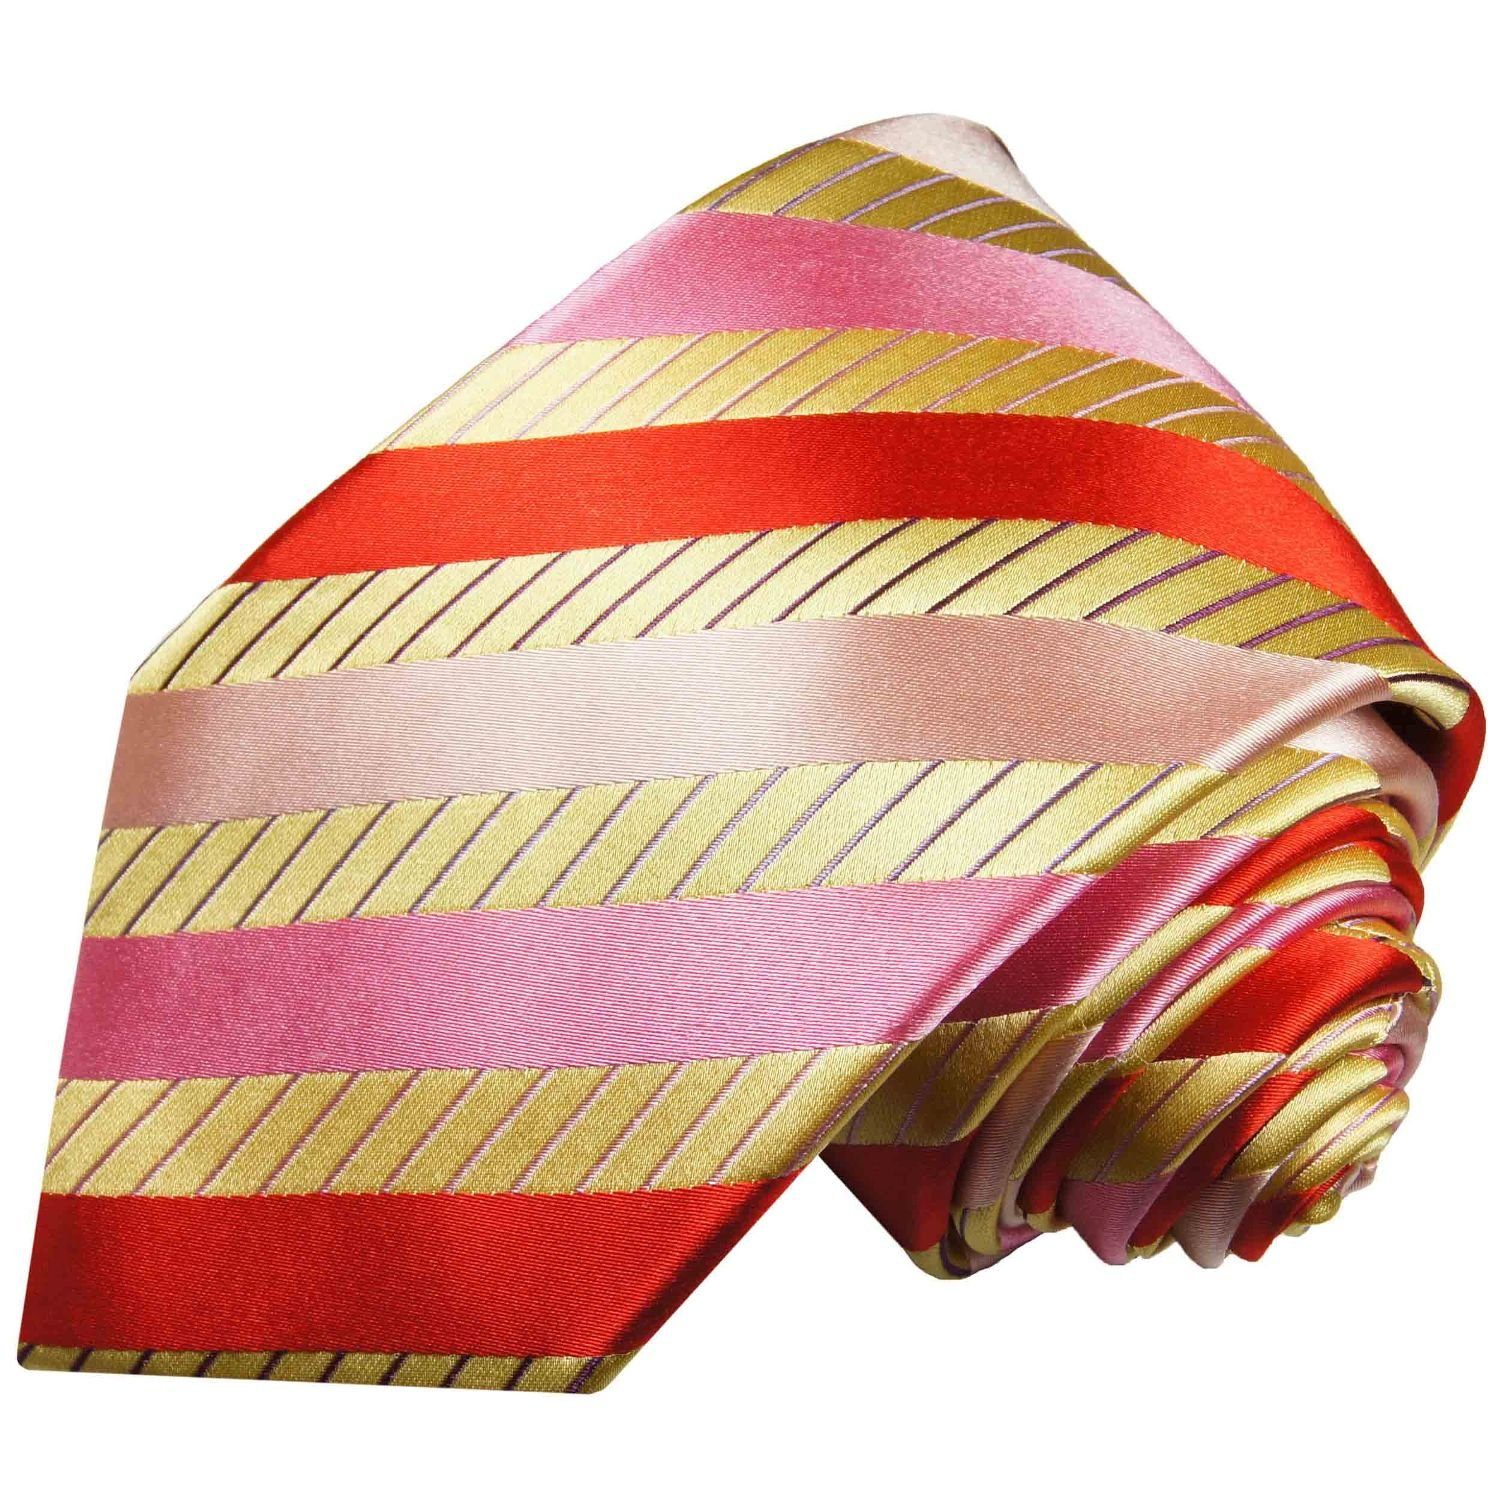 Paul Malone Krawatte Designer Seidenkrawatte Herren Schlips modern gestreift 100% Seide Breit (8cm), gold rot pink 620
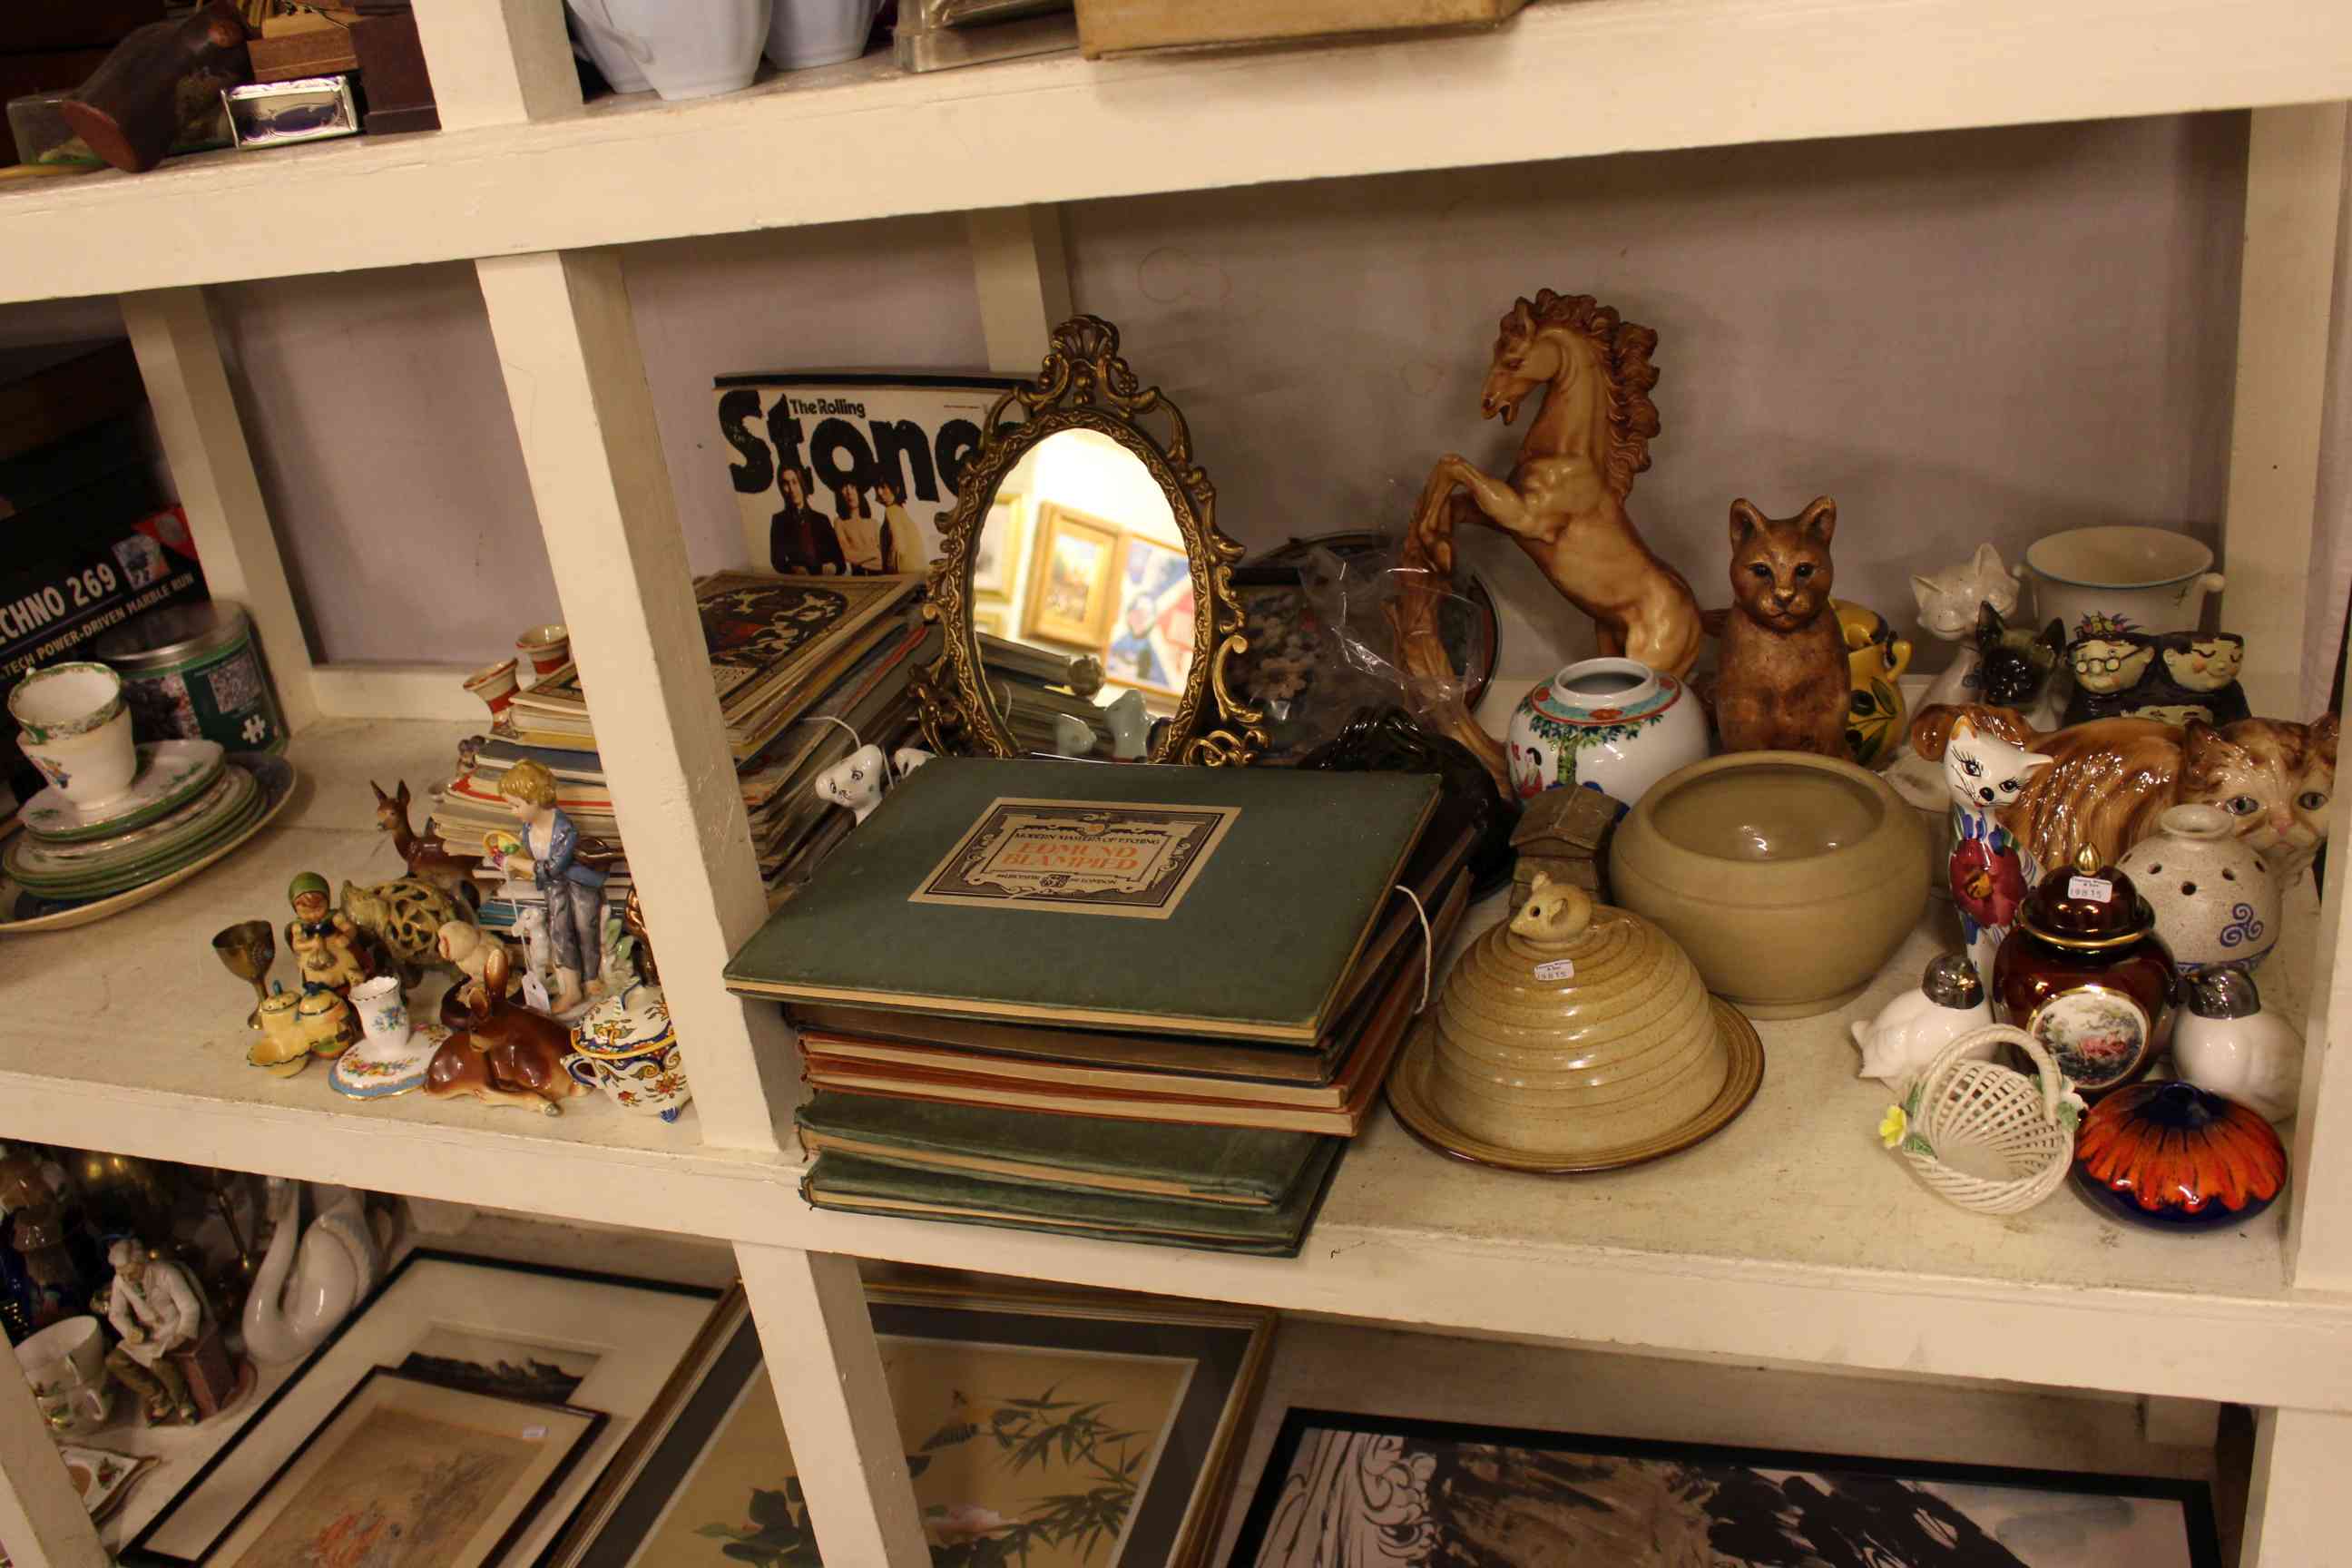 Shelf assortment including LP's, ceramics, punch, Edmund Blampied etchings, atlases, Royalty,
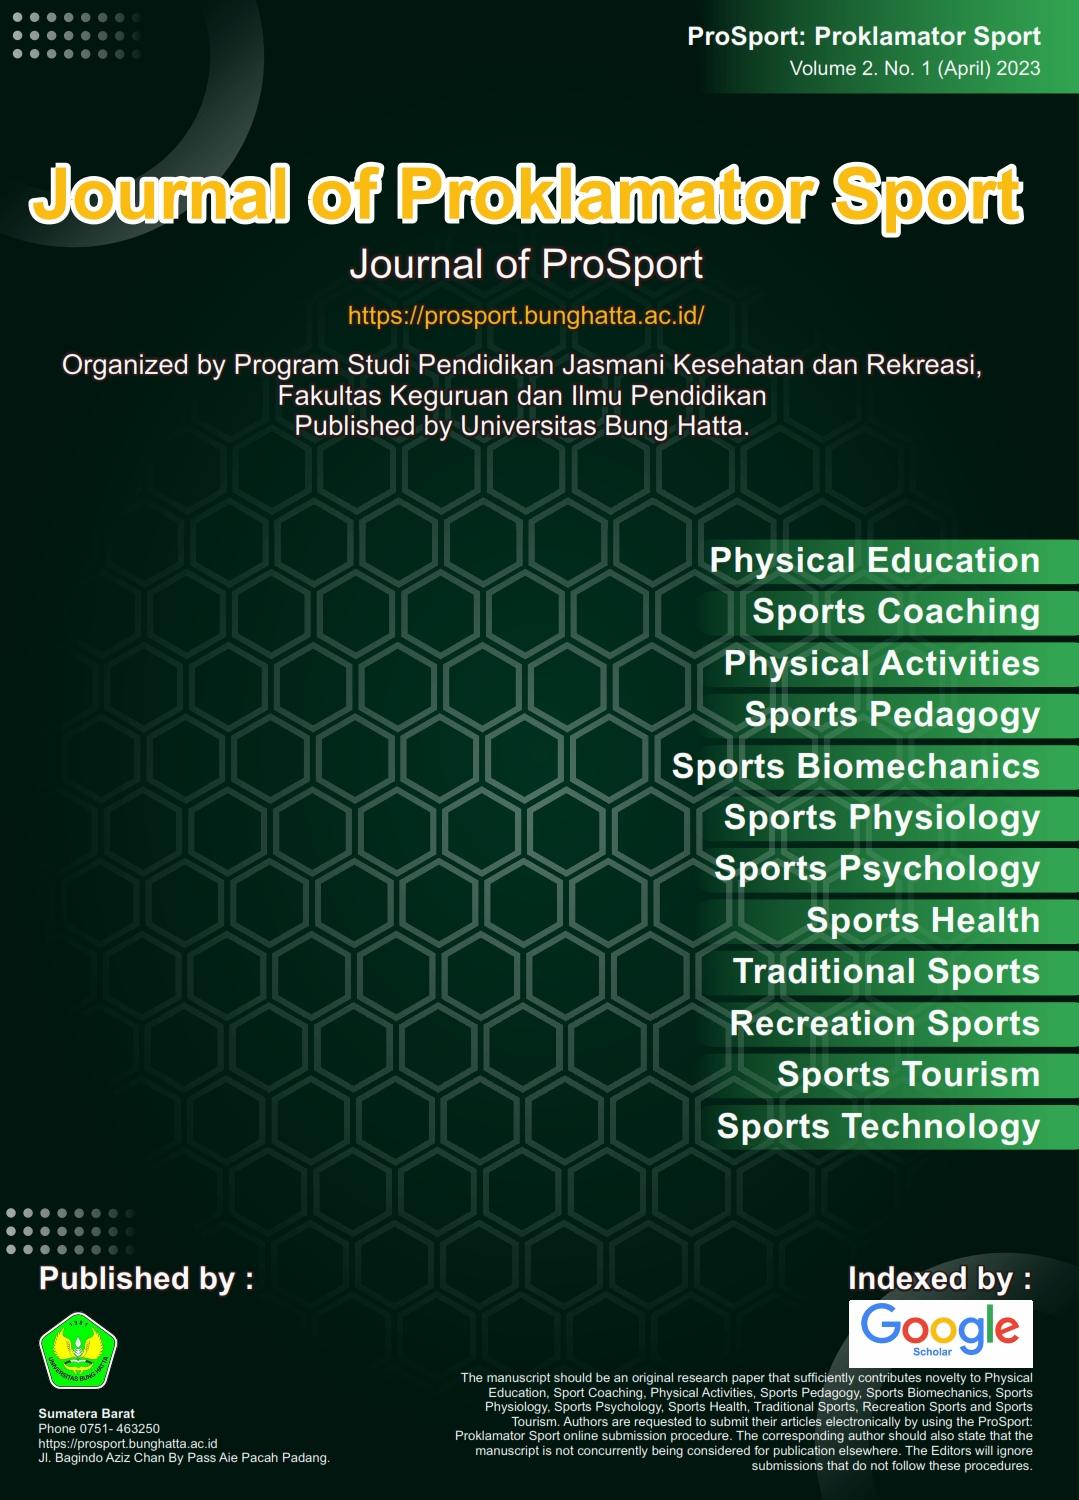 ProSport : Proklamator Sport, Volume 1 No 2 (November) 2022
-*-*-
Work item –
Please write out the entire listing above exactly, but leave the pictures out.

Solution to the problem –
 Paul Malone Krawatte Designer Seidenkrawatte Herren Schlips modern gestreift 100% Seide Breit (8cm), gold rot pink 620
 Shelf assortment including LP's, ceramics, punch, Edmund Blampied etchings, atlases, Royalty,
 ProSport : Proklamator Sport, Volume 1 No 2 (November) 2022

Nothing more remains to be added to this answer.